BEGIN Given material

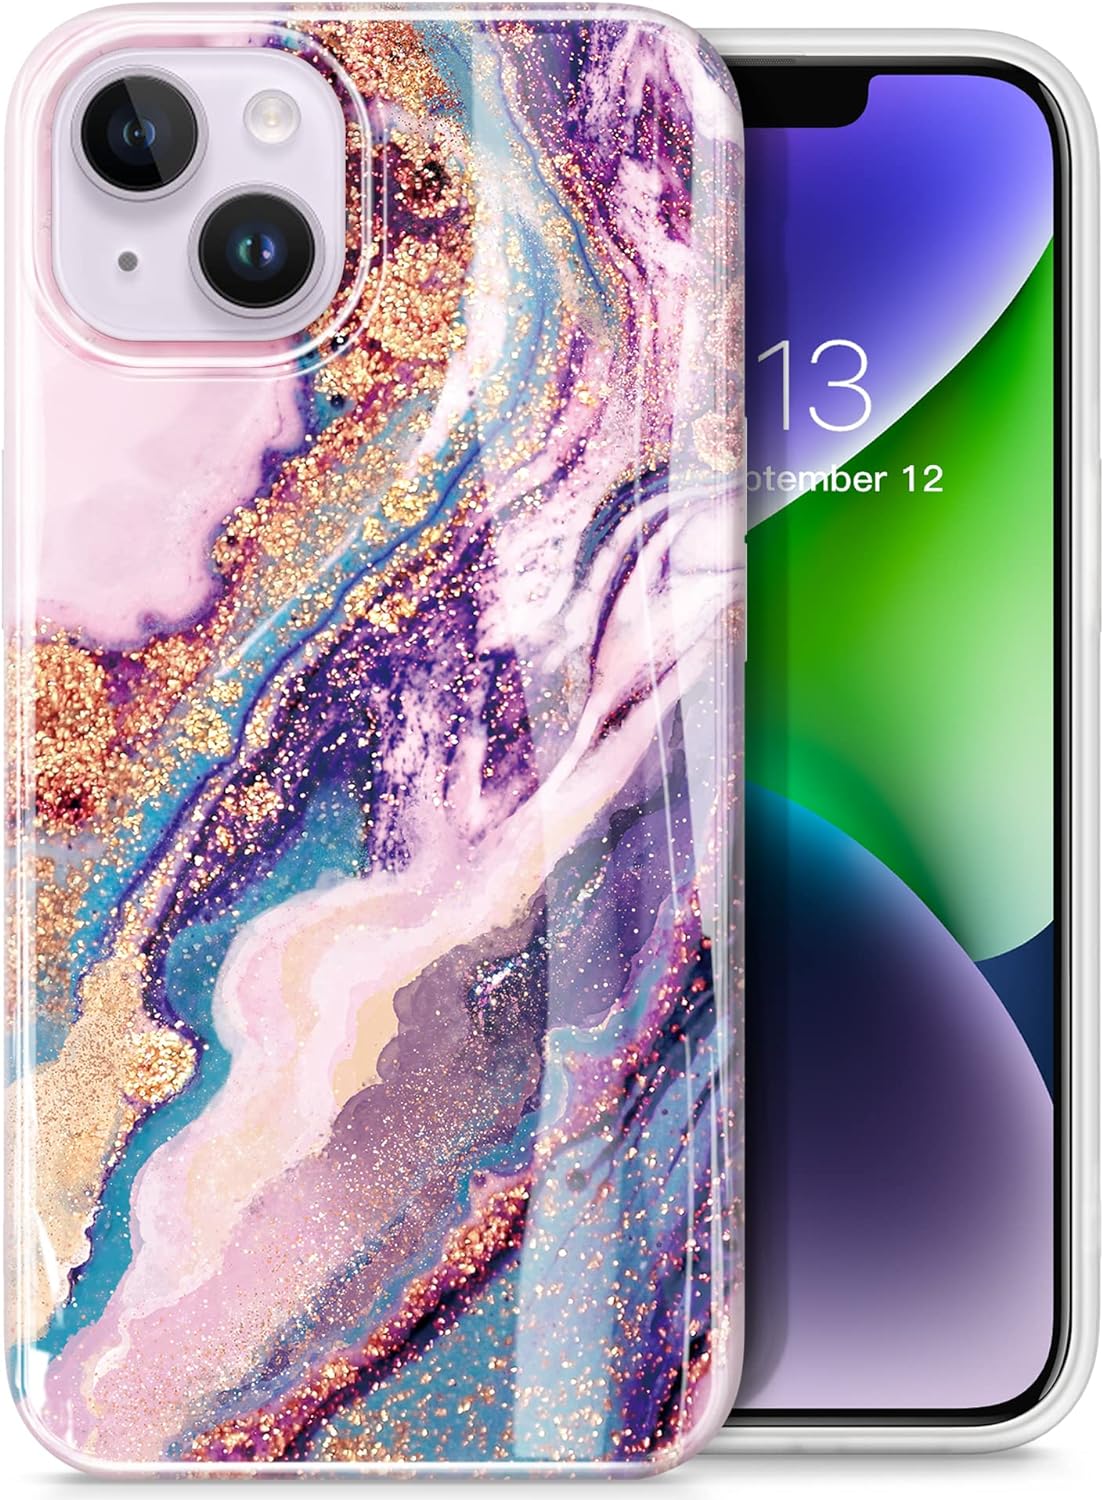 GVIEWIN Designed for iPhone 14 Case, for iPhone 13 Case 6.1, [10FT Military Grade Drop Test] Marble Soft Slim TPU Protective Shockproof Phone Case Cover, Dreamland River/Purple
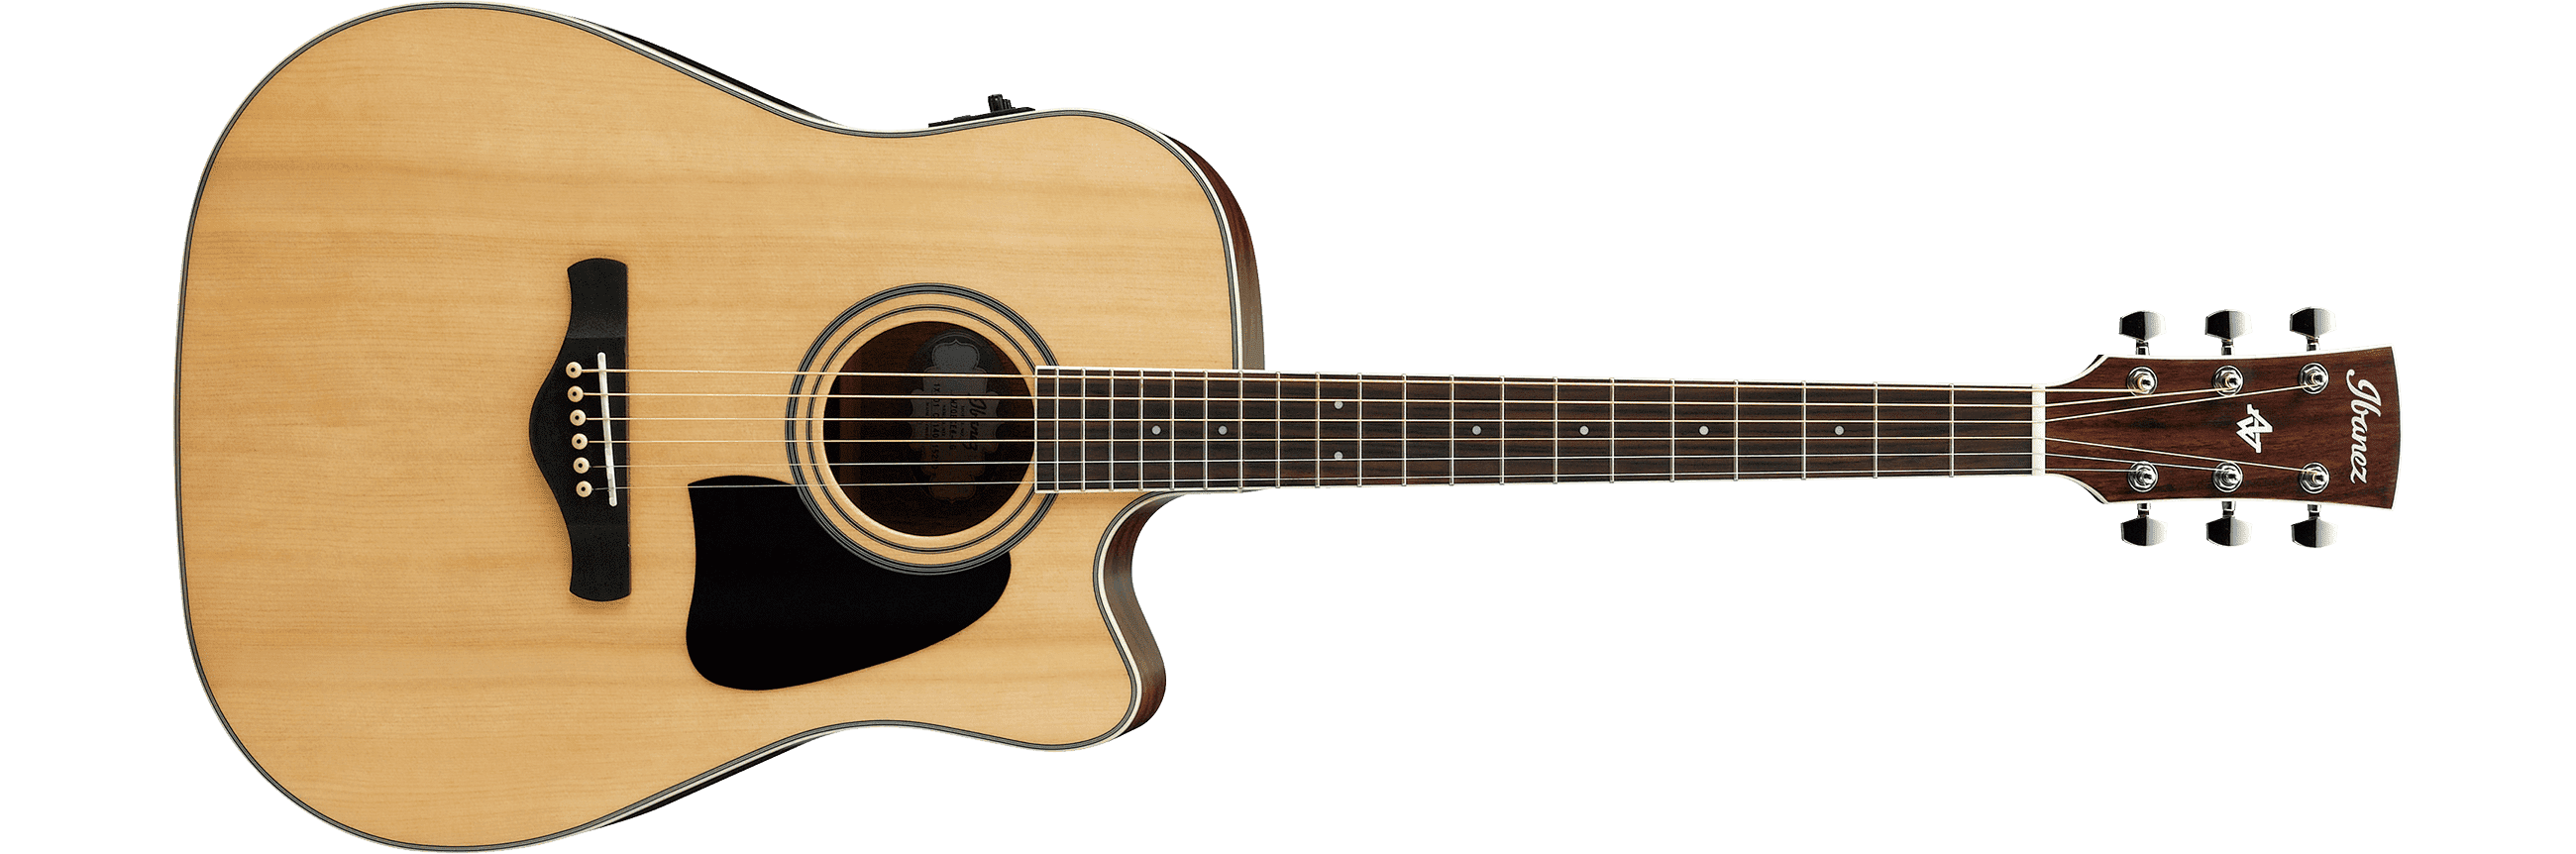 Electro-Acoustic Guitar PNG HD Quality
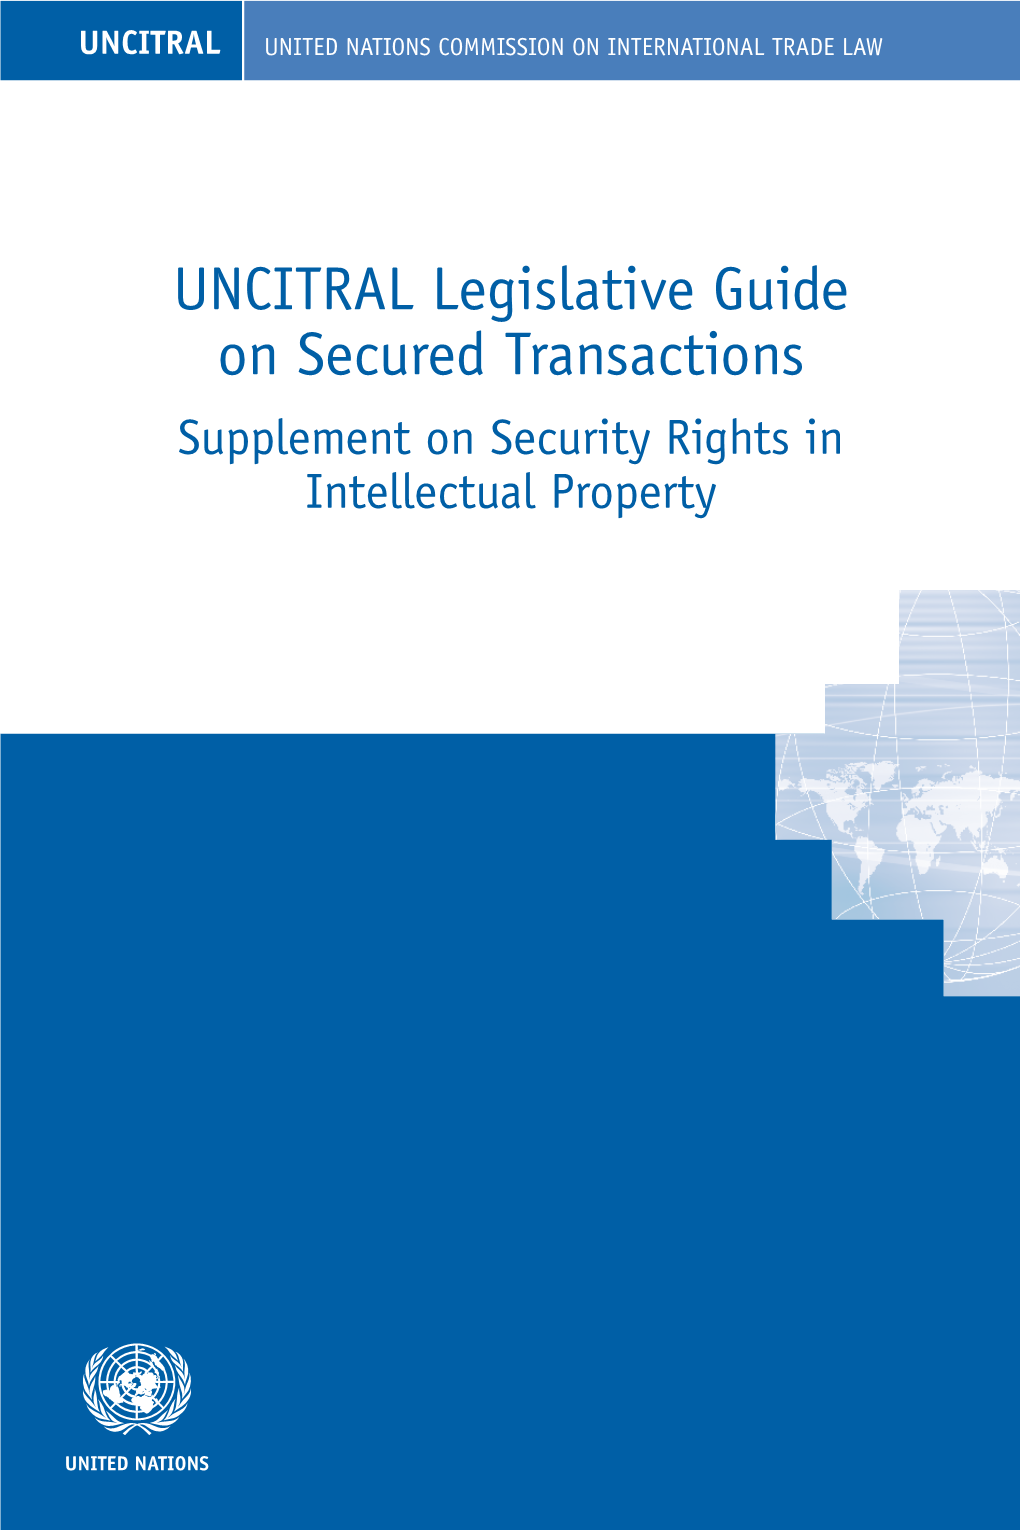 UNCITRAL Legislative Guide on Secured Transactions Supplement on Security Rights in Intellectual Property

END Given material

#### Action item:
The answer should consist of every line above, exact and free of images.

#### Response to this task:
 GVIEWIN Designed for iPhone 14 Case, for iPhone 13 Case 6.1, [10FT Military Grade Drop Test] Marble Soft Slim TPU Protective Shockproof Phone Case Cover, Dreamland River/Purple
 Electro-Acoustic Guitar PNG HD Quality
 UNCITRAL Legislative Guide on Secured Transactions Supplement on Security Rights in Intellectual Property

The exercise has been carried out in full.